Co oglą daliś my! Na nasyp, wychodzą c z terminalu, skrę cił em w prawo wzdł uż morza. Muzeum Morza, a za nim wł oska ł ó dź podwodna z lat 60. ubiegł ego wieku na molo, w tym samym miejscu ś piewał jakiś zespó ł ludowy. Po 100 metrach po lewej stronie znajduje się staroż ytna wież a. Przed nami przystojny galeon, któ ry zagrał w filmie Polań skiego, potem moż na przejś ć przez park do Akwarium Genui, w tym samym miejscu na molo Biosphere, Hotel Marina, dalej wzdł uż Nabrzeż a Ł odzi i Zabytkowego Portu. Przecinamy ulicę do Piazza Caricamento i od razu dwa pię kne palazzos, mię dzy któ rymi mijamy Piazza. Banki, tutaj znajduje się loggia Mercanti, w któ rej otwarto pierwszą w Europie Gieł dę Papieró w Wartoś ciowych oraz koś ció ł S. Pietro della Porta. Nastę pnie rozważ ymy najstarszą historyczną czę ś ć miasta - katedrę w Genui, Pał ac Ksią ż ę cy, udaliś my się do dwuwież owej bramy Porta Soprano z pozostał oś ciami muró w twierdzy. Trzy minuty pó ź niej jesteś my na centralnym placu Genui - Placu Ferrari z duż ą fontanną . Istnieje ró wnież Teatr Santo Felice. Stą d udajemy się na ulicę Garibaldiego, gdzie najbardziej luksusowe pał ace biegną jeden po drugim. To trzeba zobaczyć . Palazzos z XV-XVI wieku, ale przetrwał y i nie ustę pują pię knem pał acom weneckim. Dalej jest Pał ac Kró lewski, a za nim, po przejś ciu kolejnych 500 metró w, jesteś my na dziedziń cu. Po wysł aniu kobiet do odpoczynku na nasypie, wymyś lili bilety, kupują c je w taryfie Mini na podró ż powrotną do Wenecji. Był a już pora obiadowa, wię c zdecydowaliś my „Genua – Genua, a obiad na Splendid powinien być zgodnie z planem”, zwł aszcza, ż e ​ ​ nabraliś my już apetytu.

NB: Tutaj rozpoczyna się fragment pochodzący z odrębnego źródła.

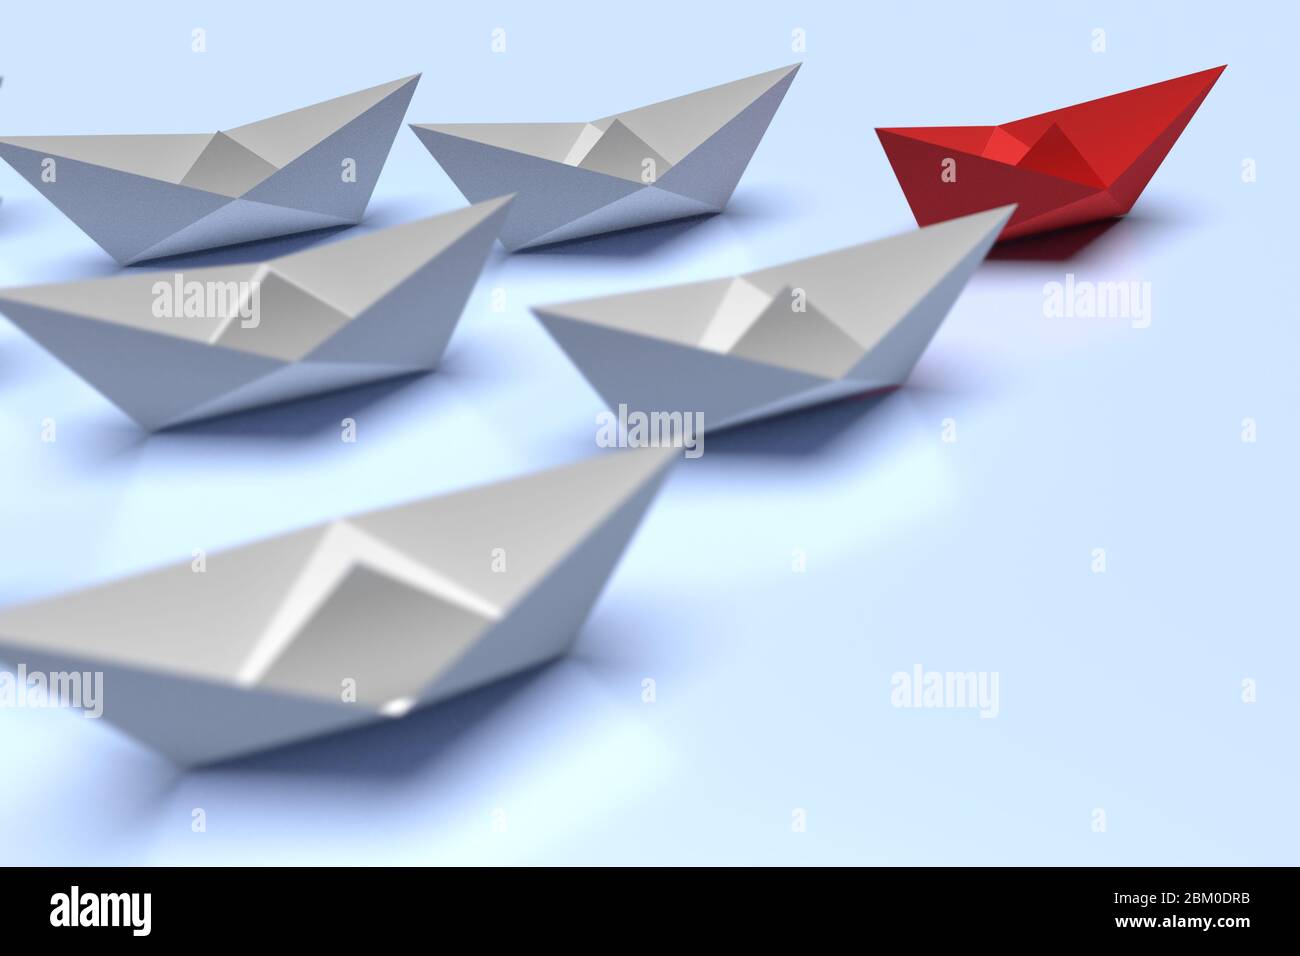 Leadership and business concept. One red leader ship leads other grey ships forward. 3d render Stock Photo

Zgodnie z kartami rejsó w, bez pytania przechodzimy do naszego liniowca, windą wjeż dż amy na nasz pokł ad (wszystkie pokł ady noszą nazwiska sł ynnych wł oskich artystó w, nasz to Giotto dla nr 8). Nasza kajuta jest na samej rufie, idziemy niekoń czą cym się korytarzem, nasz bagaż już stoi przy kajucie, wszystko wnosimy do kajuty, robimy porzą dek i jedziemy windą na obiad do ogromnych samoobsł ugowych kawiarni któ re są na pokł adzie 14 i nazywają je "Bora Bora" i "Pago-Pago" Okazał o się , ż e był o bardzo wygodnie, obok naszej kabiny był a winda i bardzo szybko znaleź liś my się w kawiarni. Zasada jest prosta, ale dla osó b zagubionych w duż ych iloś ciach schemat jest w widocznym miejscu. Jest miejsce na amerykań skie jedzenie (hamburgery, frytki, ich ulubione sał atki), potem wł oskie makarony do pię ciu rodzajó w (spaghetti, makarony i inne rogi) i dla nich sosy, wrę cz przeciwnie - ró ż ne pizze. A jeszcze dalej tzw. „Nepasty” – czyli ró ż ne dania mię sne, kieł baski, klopsiki, ró ż ne sał atki, siekane warzywa, sery, nastę pnie owoce, desery, ciasta, wszelkiego rodzaju wypieki. W ró ż nych miejscach znajdują się ekspresy do kawy i herbaty. Jest ló d i zimna woda. Nim wszystko wymienię , jestem już zmę czona. A co to wszystko zobaczyć i wybrać ! Jedzenie wybiera się na coś pomię dzy duż ym, bardzo duż ym talerzem a przyzwoitą pastą do smarowania. Rozumiem, ż e nie bę dziemy tu gł odować , zał oga statku nie pozwoli (napisał em to, bo niektó rych interesuje to w pierwszej kolejnoś ci).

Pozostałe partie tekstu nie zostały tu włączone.